▶ [PROBLEM DESCRIPTION]
Retype the data that follows exactly. No pictures belong in the copy.

▶ [DATA SHOWN]
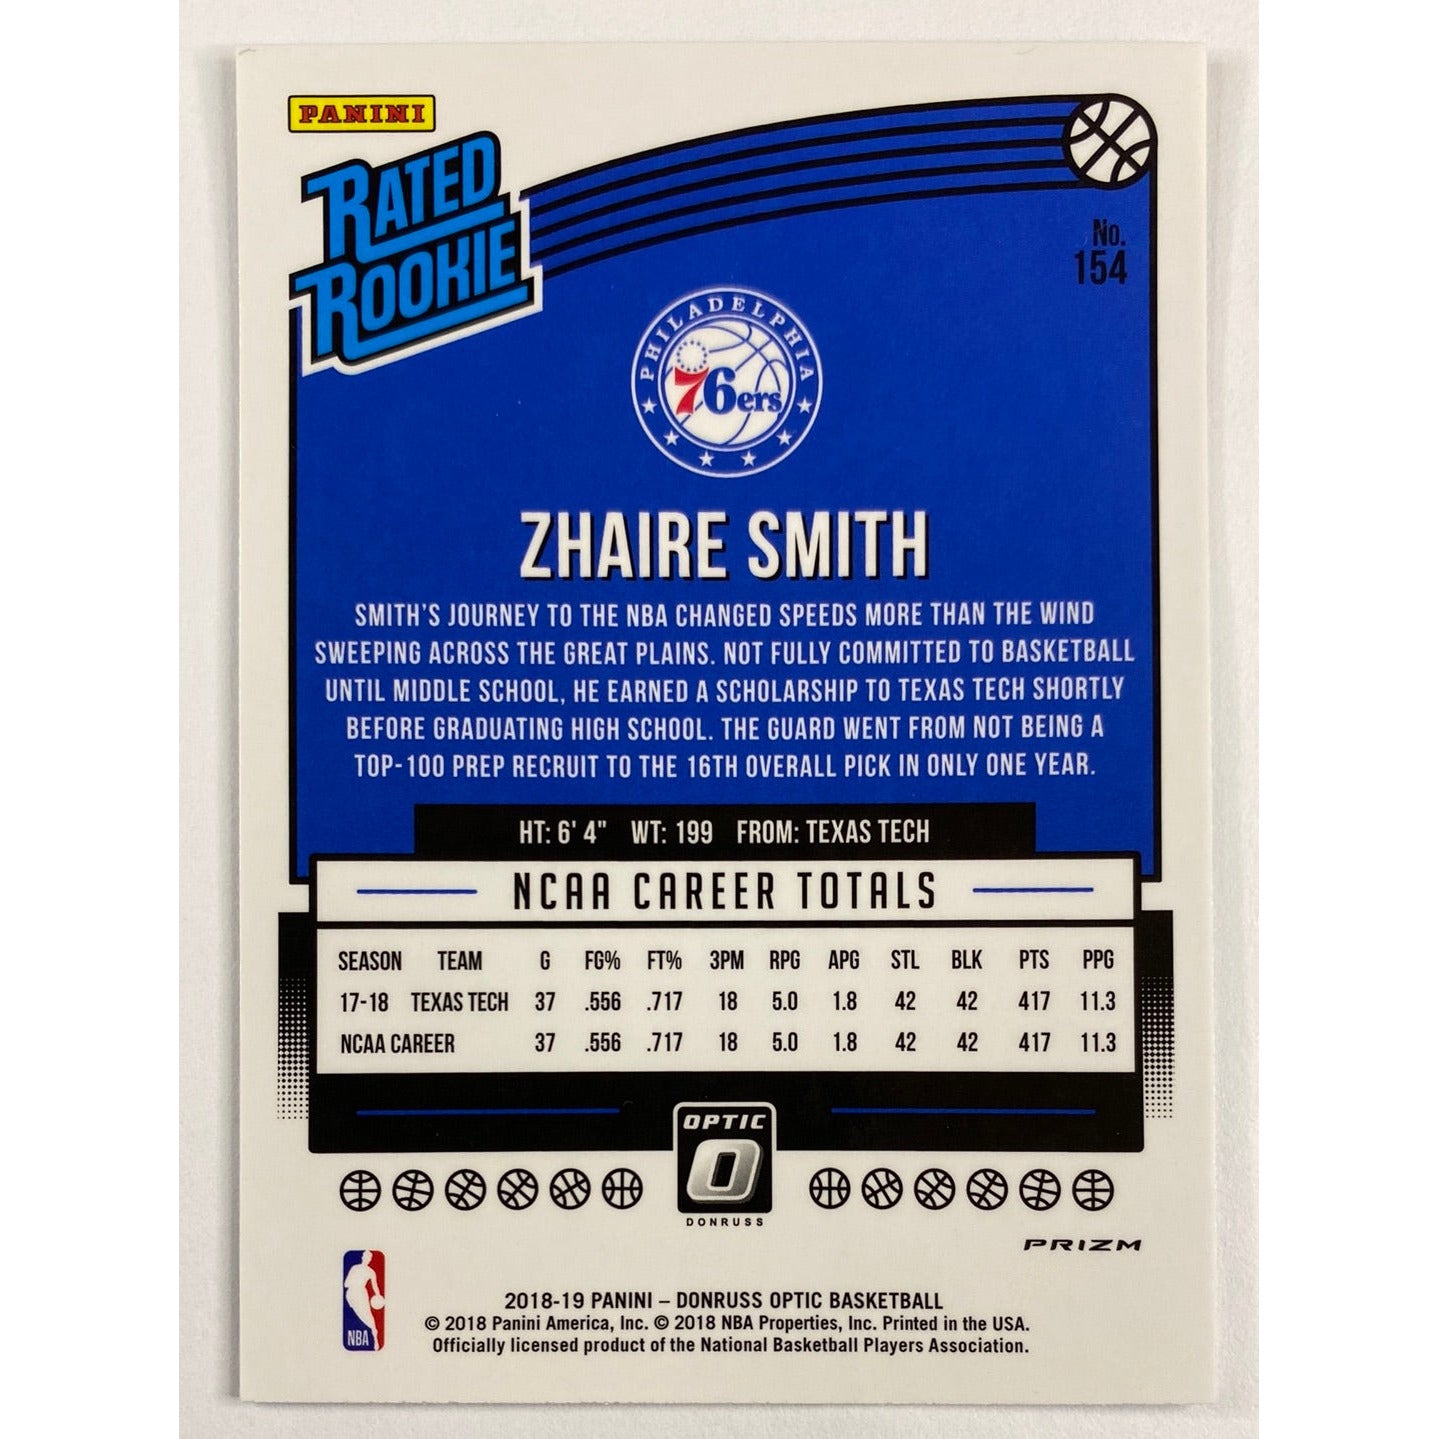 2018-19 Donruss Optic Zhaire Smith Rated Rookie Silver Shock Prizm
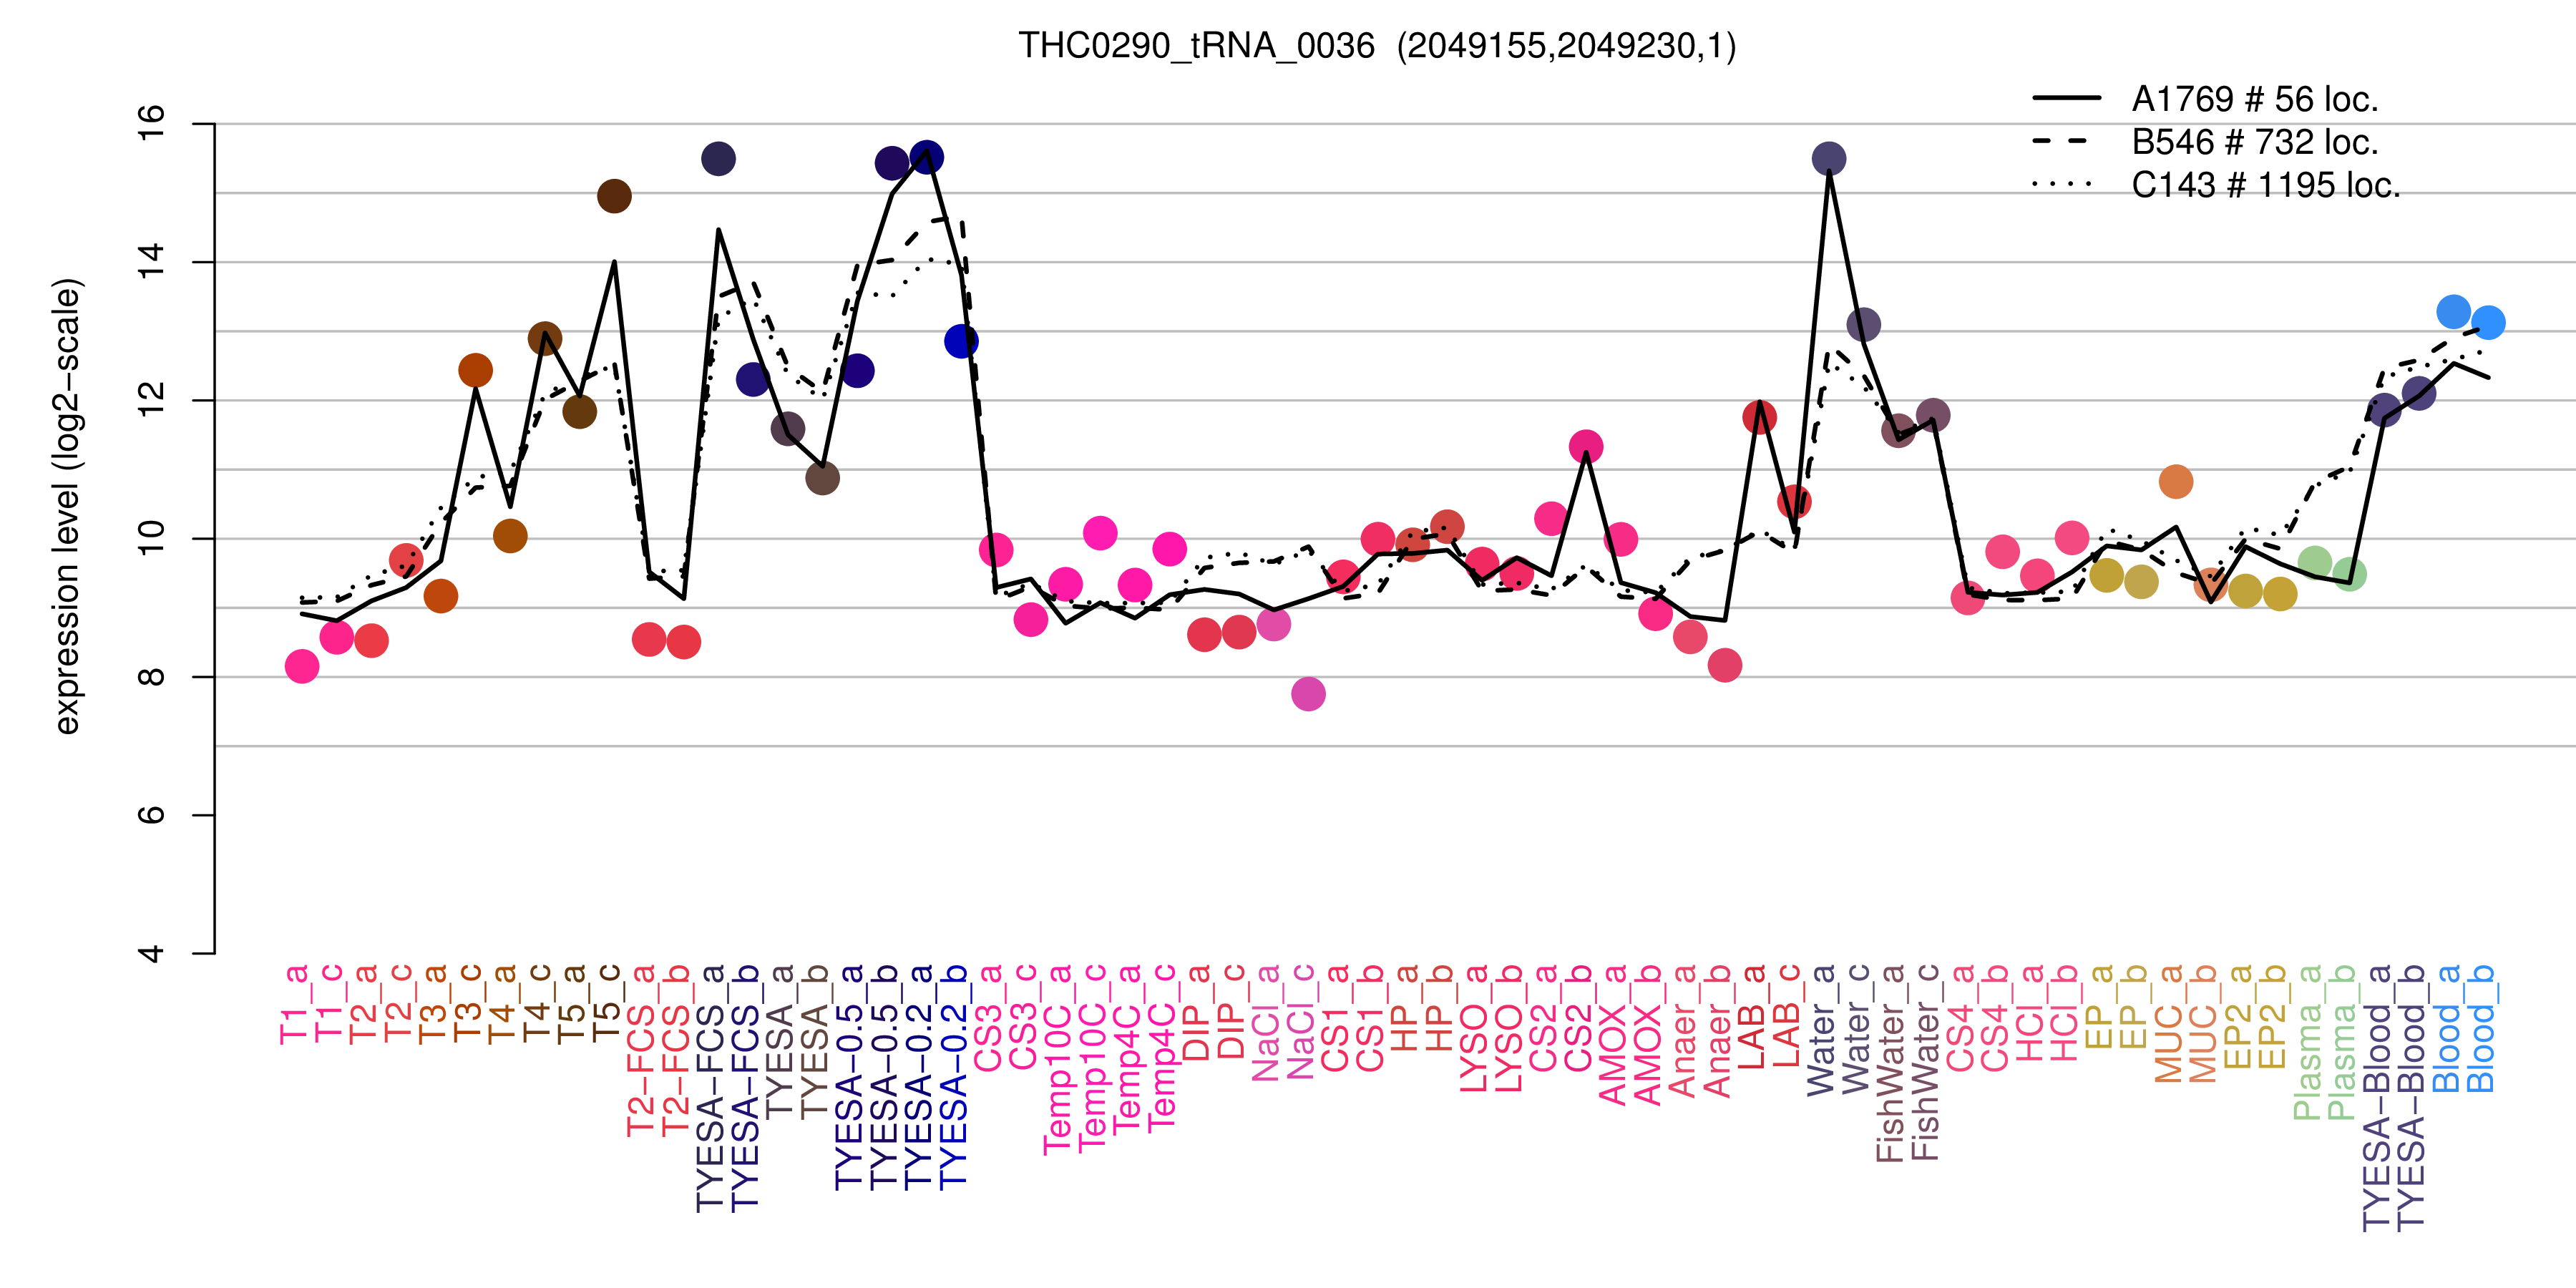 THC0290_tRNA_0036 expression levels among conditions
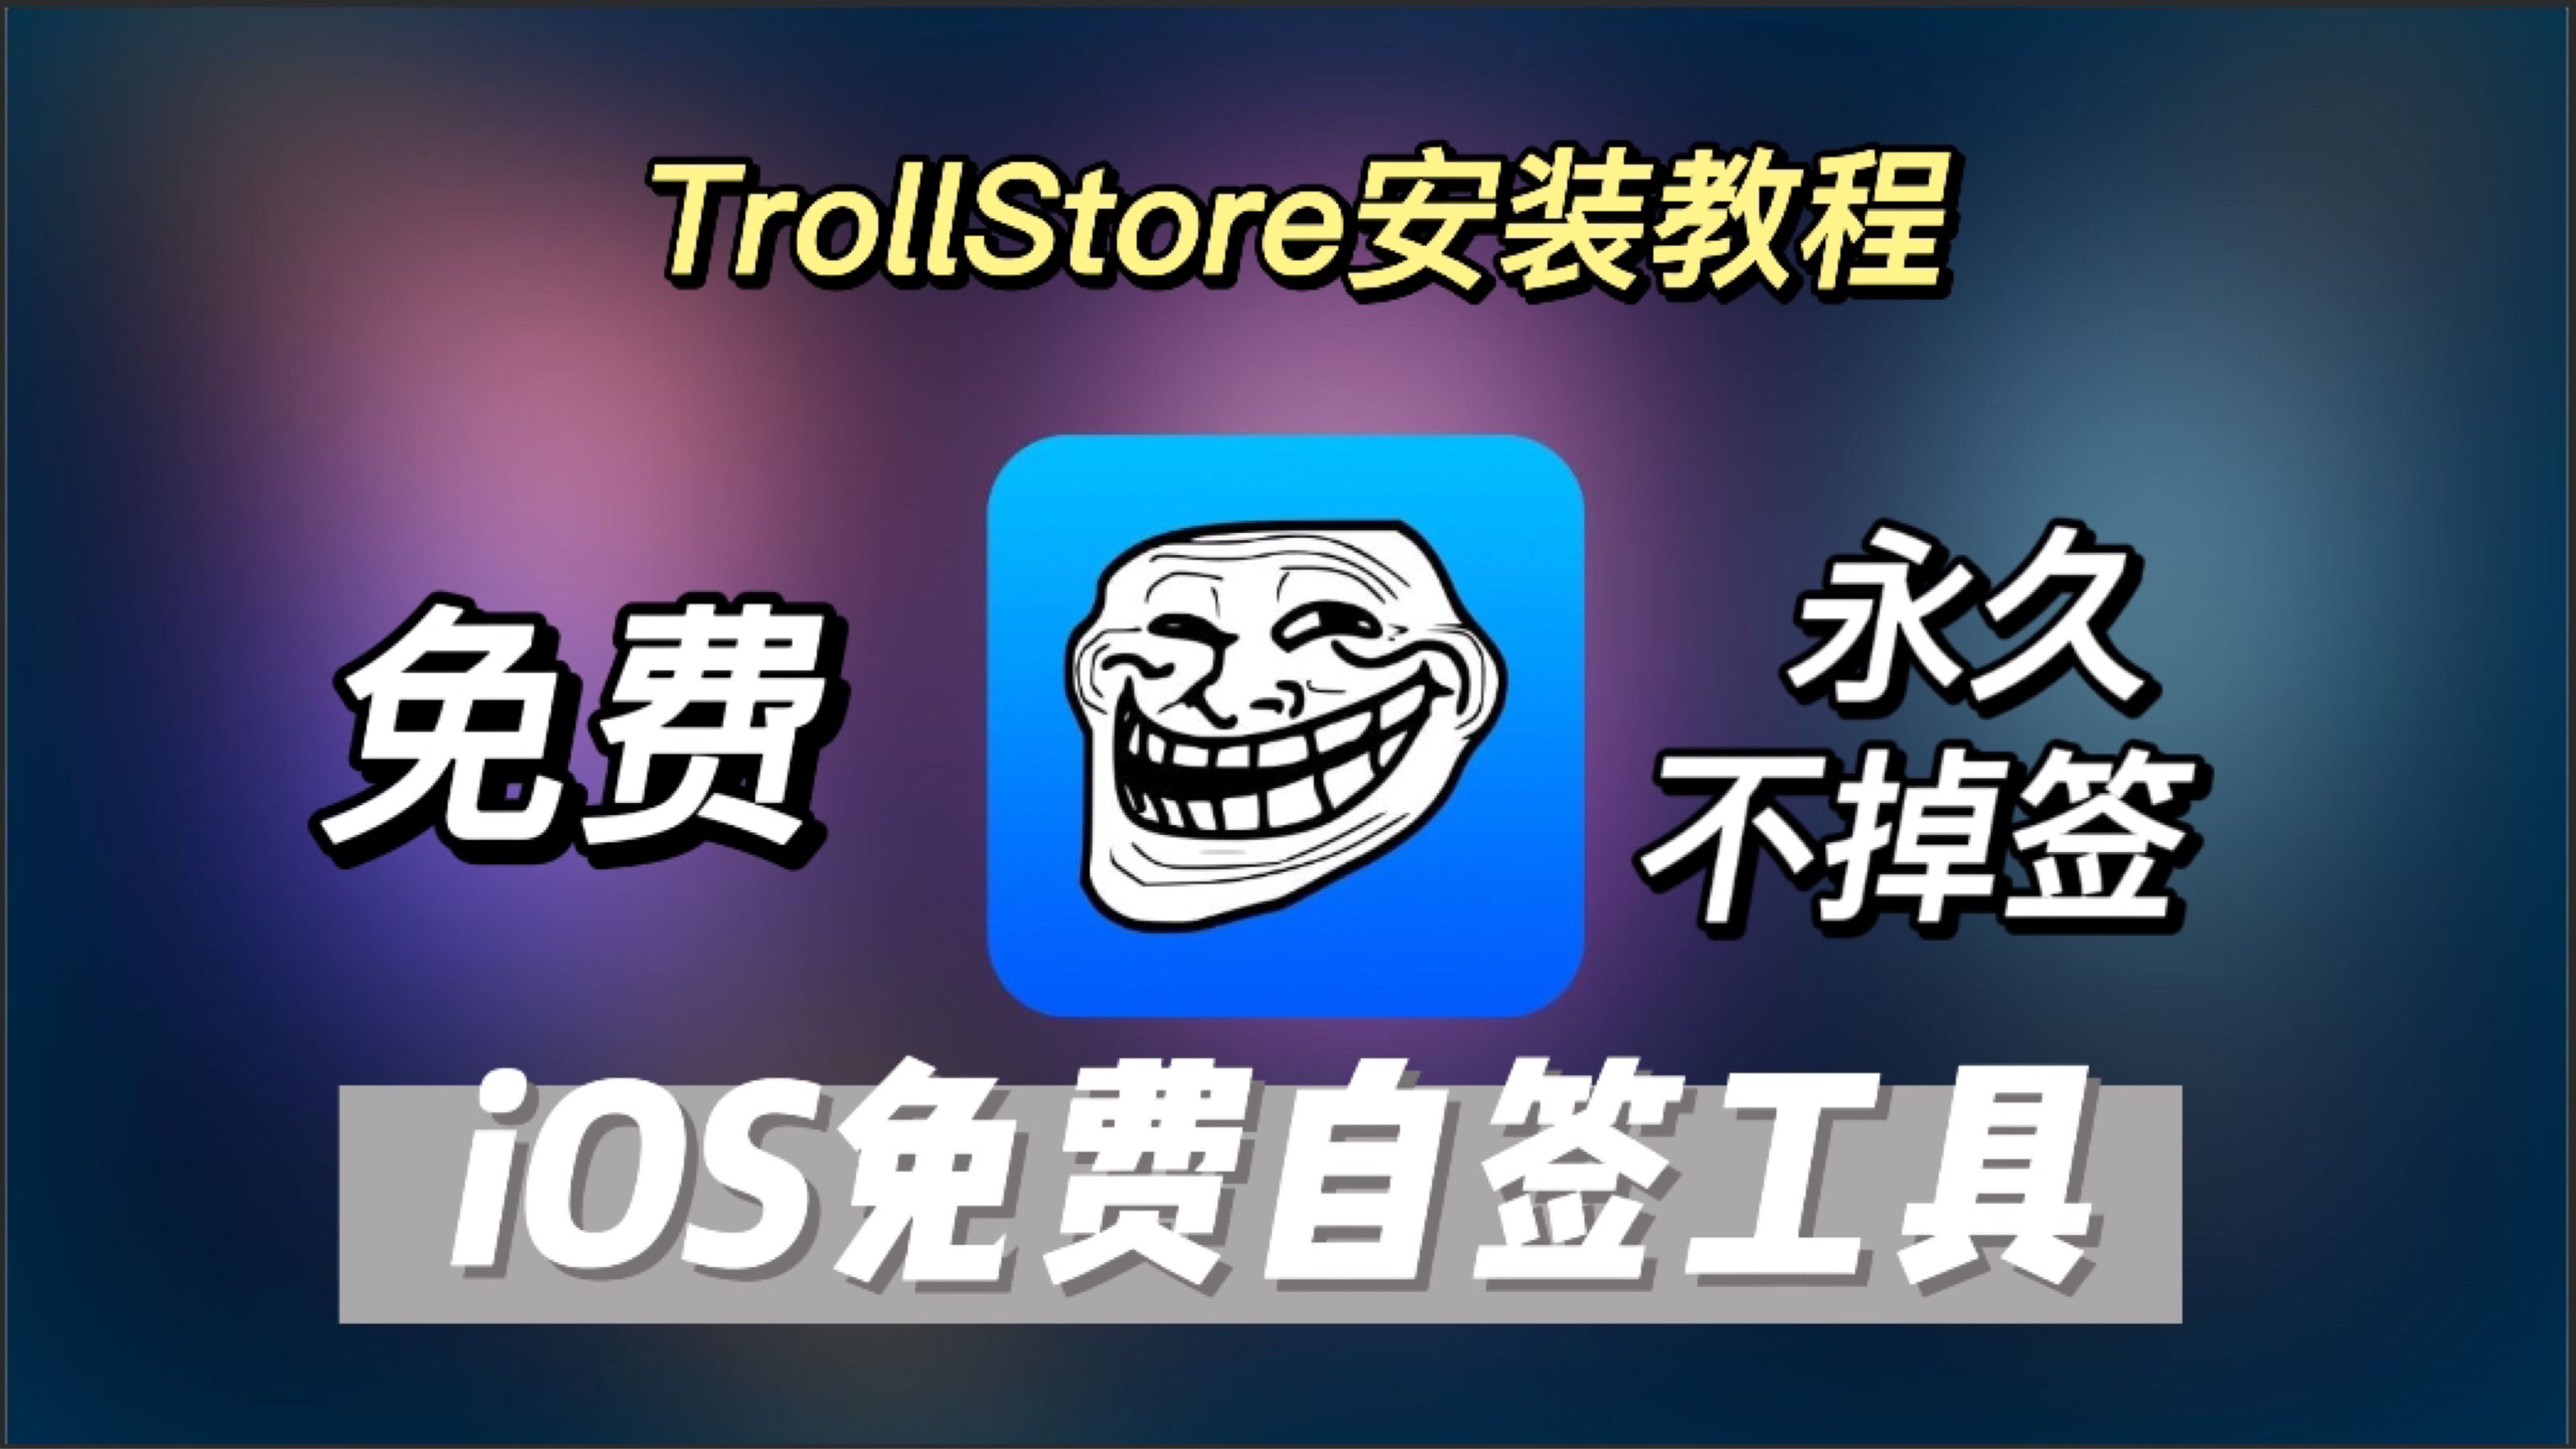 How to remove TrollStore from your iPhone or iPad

▶ [SOLVED EXERCISE]
 2018-19 Donruss Optic Zhaire Smith Rated Rookie Silver Shock Prizm
 THC0290_tRNA_0036 expression levels among conditions
 How to remove TrollStore from your iPhone or iPad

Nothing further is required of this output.